Upgrades and downgrades we’ve already explained, but you may also see “maintains” or “initiates coverage on”. A “maintains” listing comes from a hold recommendation, which is neither a buy nor sell recommendation. A “maintains” listing is better than a downgrade but not as good as an upgrade. Finally, “initiates coverage on” means that the analyst has begun to cover that company and has released an initial report.
FDA approvals occur when the FDA has approved a drug for use and are stock catalysts for biotech companies.
Biotech stocks are often highly volatile. A new drug may show a lot of promise, and that company’s stock may shoot up, but if the medicine fails to receive FDA approval, its share price will often decline precipitously.
Since FDA approval is the final stage for a new drug before it is allowed into the market, this is often the most dramatic catalyst, but it is not the only one. New pharmaceutical medicines can make companies massive profits, but the path from promising drugs to FDA approval is fraught.
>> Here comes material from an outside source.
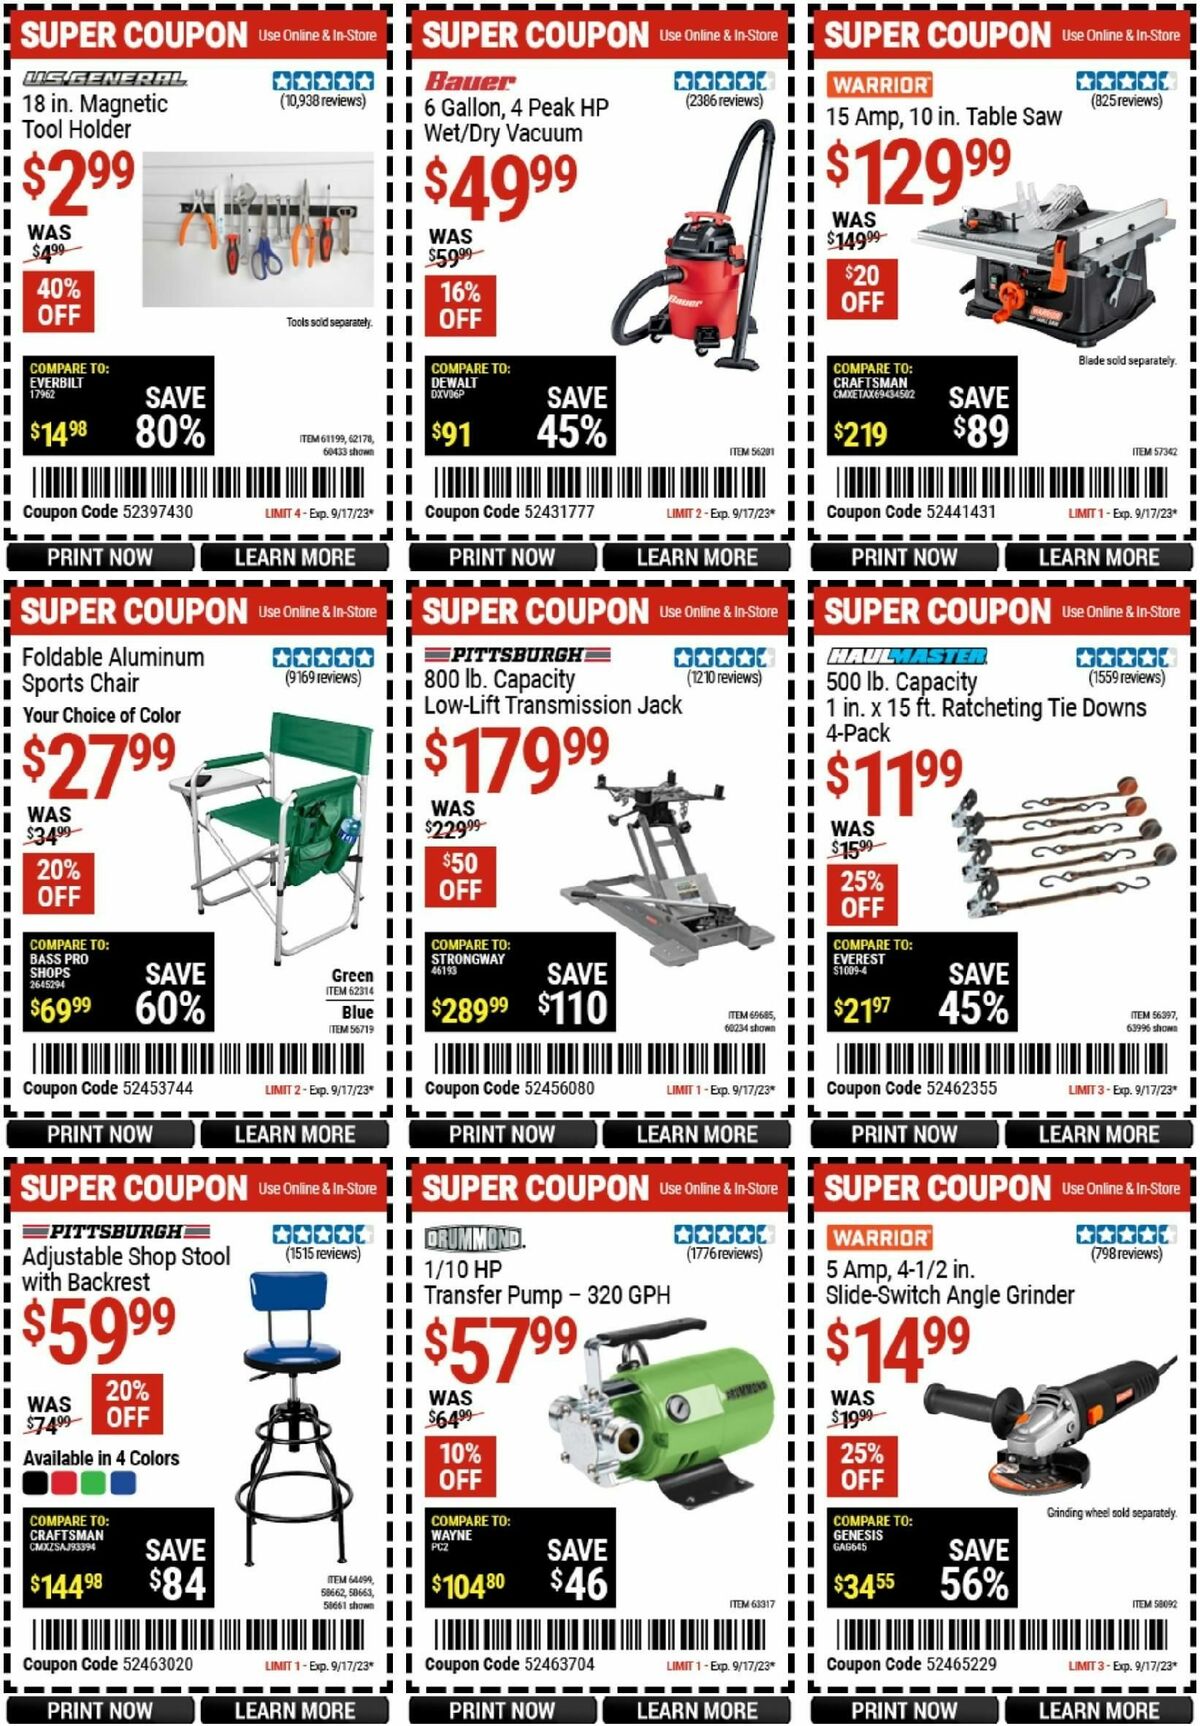 Harbor Freight Tools Weekly Ad from September 5

There are multiple stages of clinical trials, competitors, deferred FDA approval reviews, and more.
Those previously less familiar with the biotech industry may have become more familiar with it in 2020 when the race to create a Covid vaccine received a healthy amount of media coverage. The market reacted to each update in the vaccine process, and we saw the share price of the top vaccine contenders increase due to the high demand for the vaccine (every person in the world).
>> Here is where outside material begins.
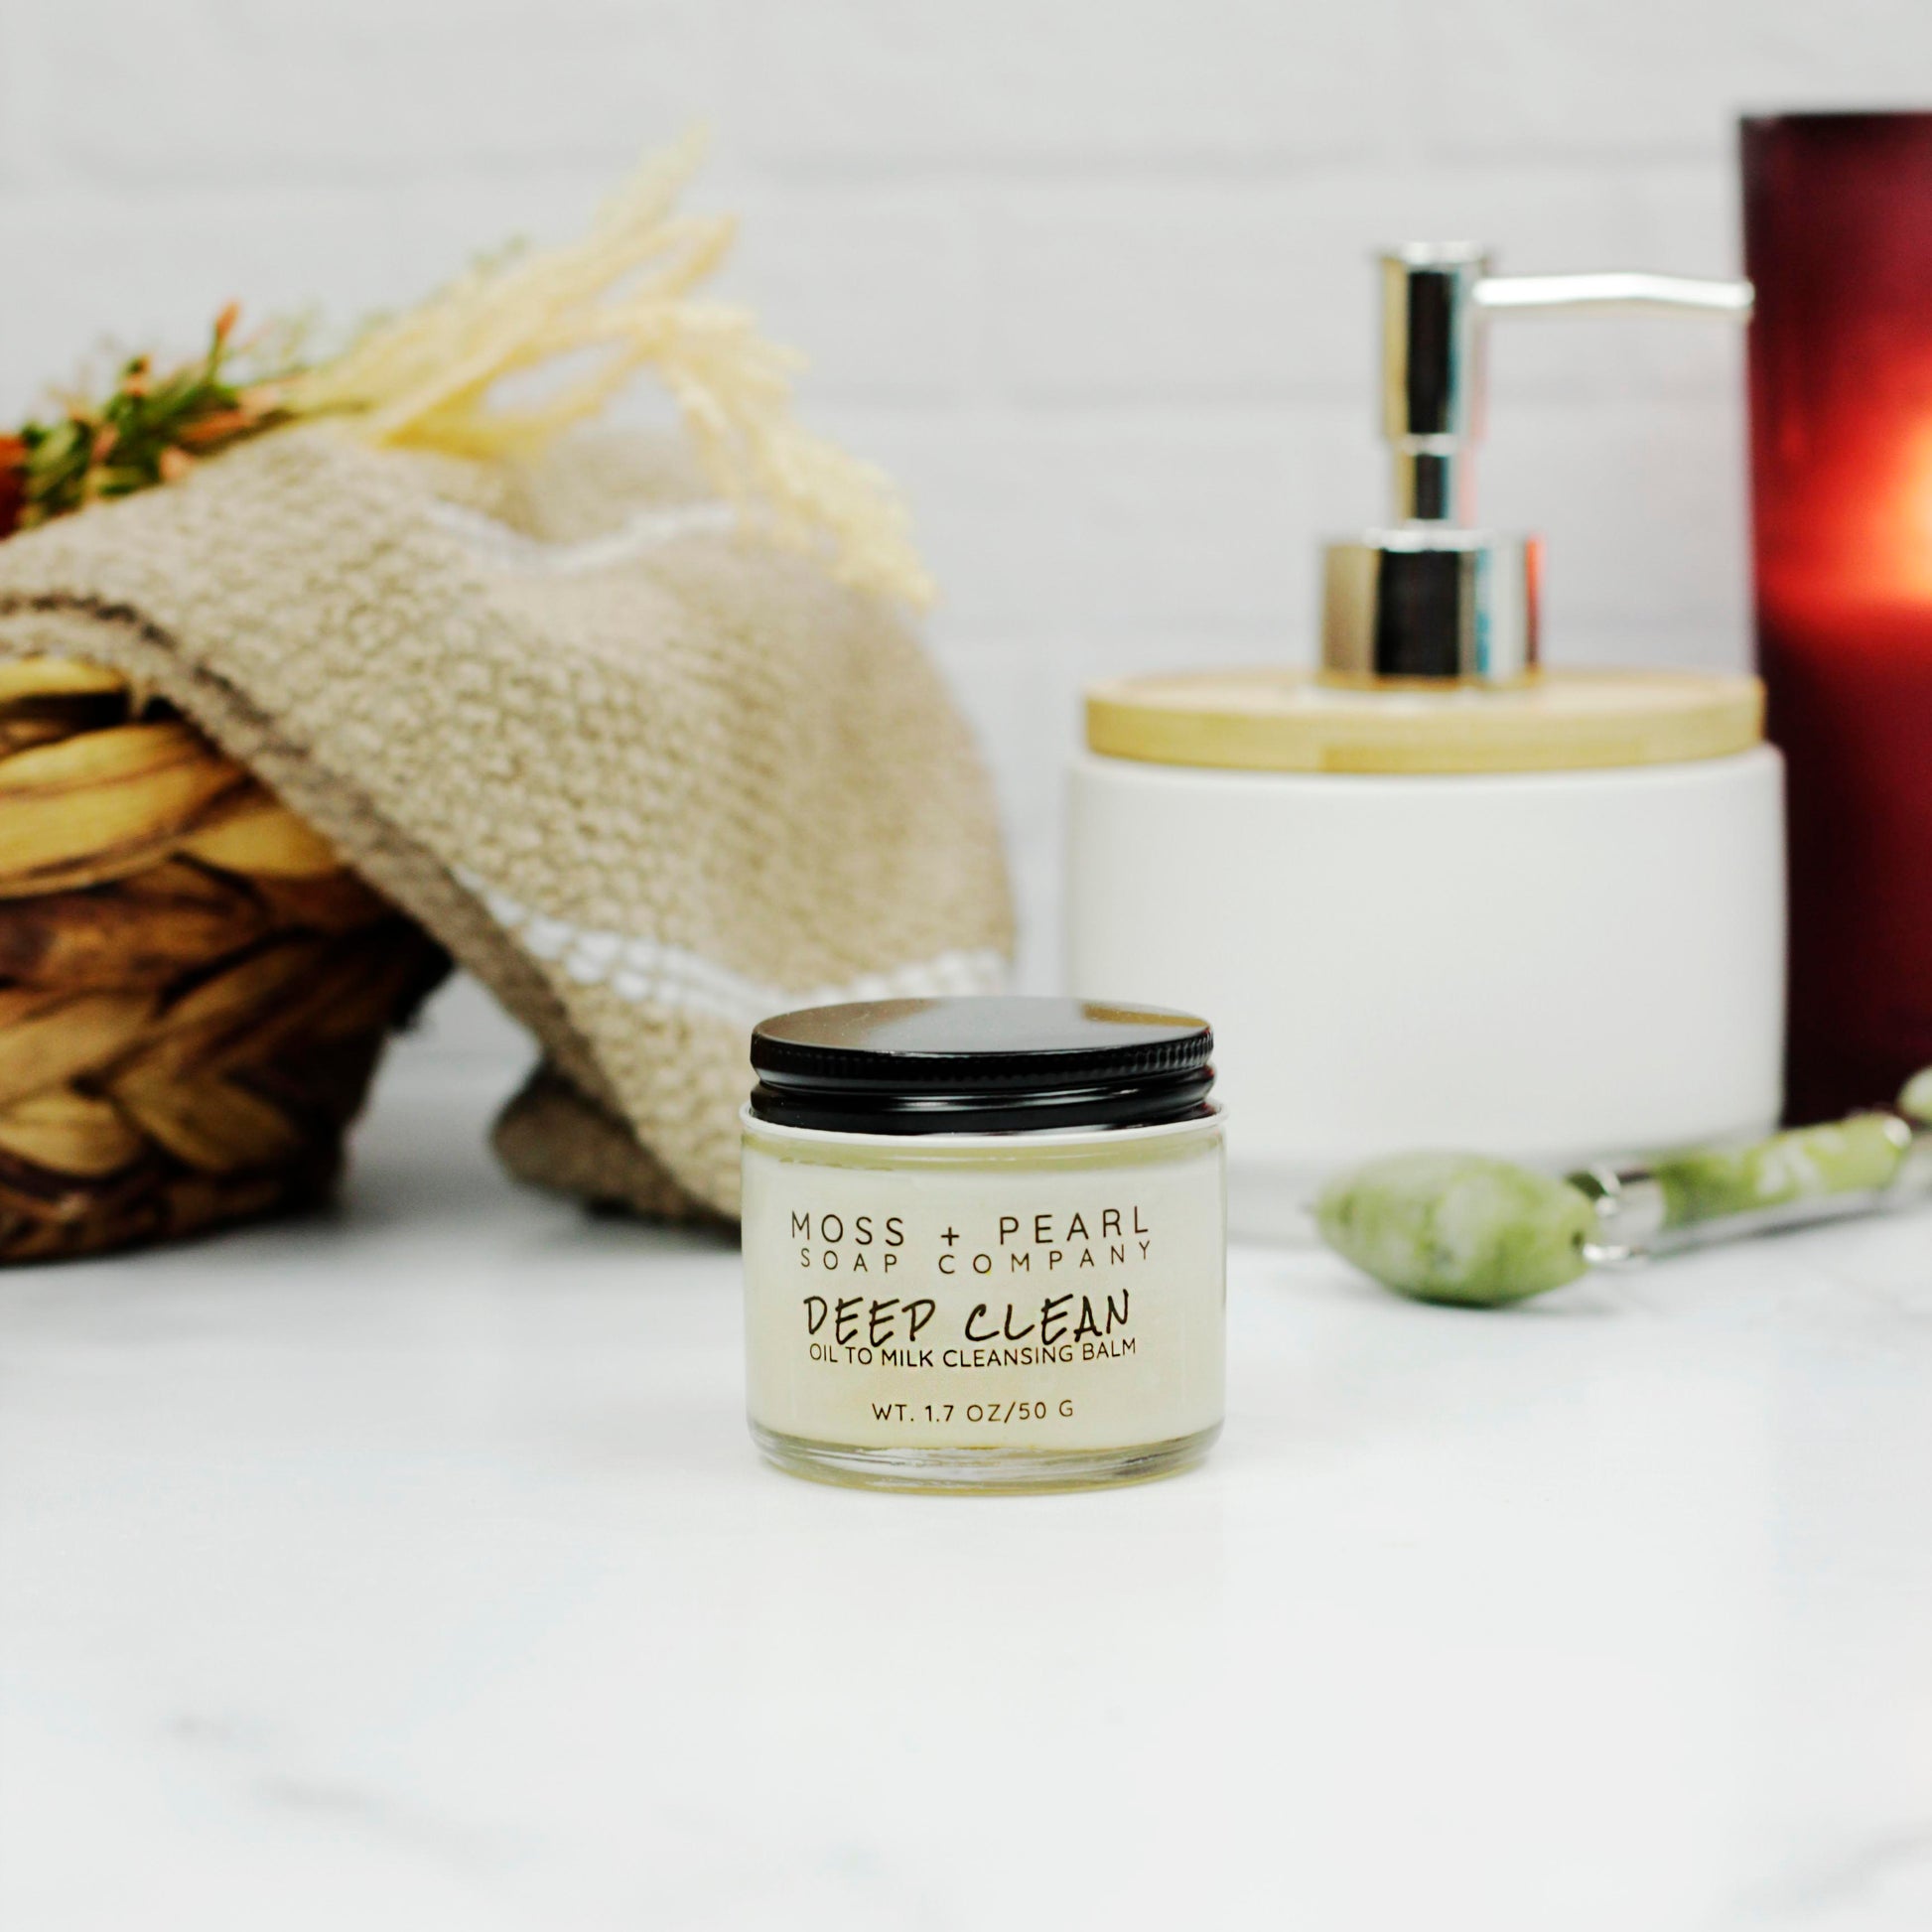 DEEP CLEAN CLEANSING BALM Moss + Pearl Soap Company

While not every biotech saga is quite as dramatic, the bottom line is that the general process and the announcements which may serve as catalysts remain pretty similar.
The FDA Calendar is a great place to start if you’re looking for a comprehensive list of biotech stocks and their stock catalysts.
The final catalyst we’ll look at is social signals, all about detecting social trends that will impact the stock market.
Social signals can be either hard or soft catalysts depending upon the nature of the information. In our previous example, using Google Trend data to review the popularity of the search term “facemasks” in the United States would be an example of a soft catalyst.
Discovering on Twitter or a social signal app like SocialArb that Pelaton has a three-month waitlist due to demand is an example of a hard catalyst.
Unlike our previous four common catalysts, social arbitrage is harder to pin down. It requires a more in-depth understanding of the context of the specific trend and its implications for both individual companies and the stock market as a whole.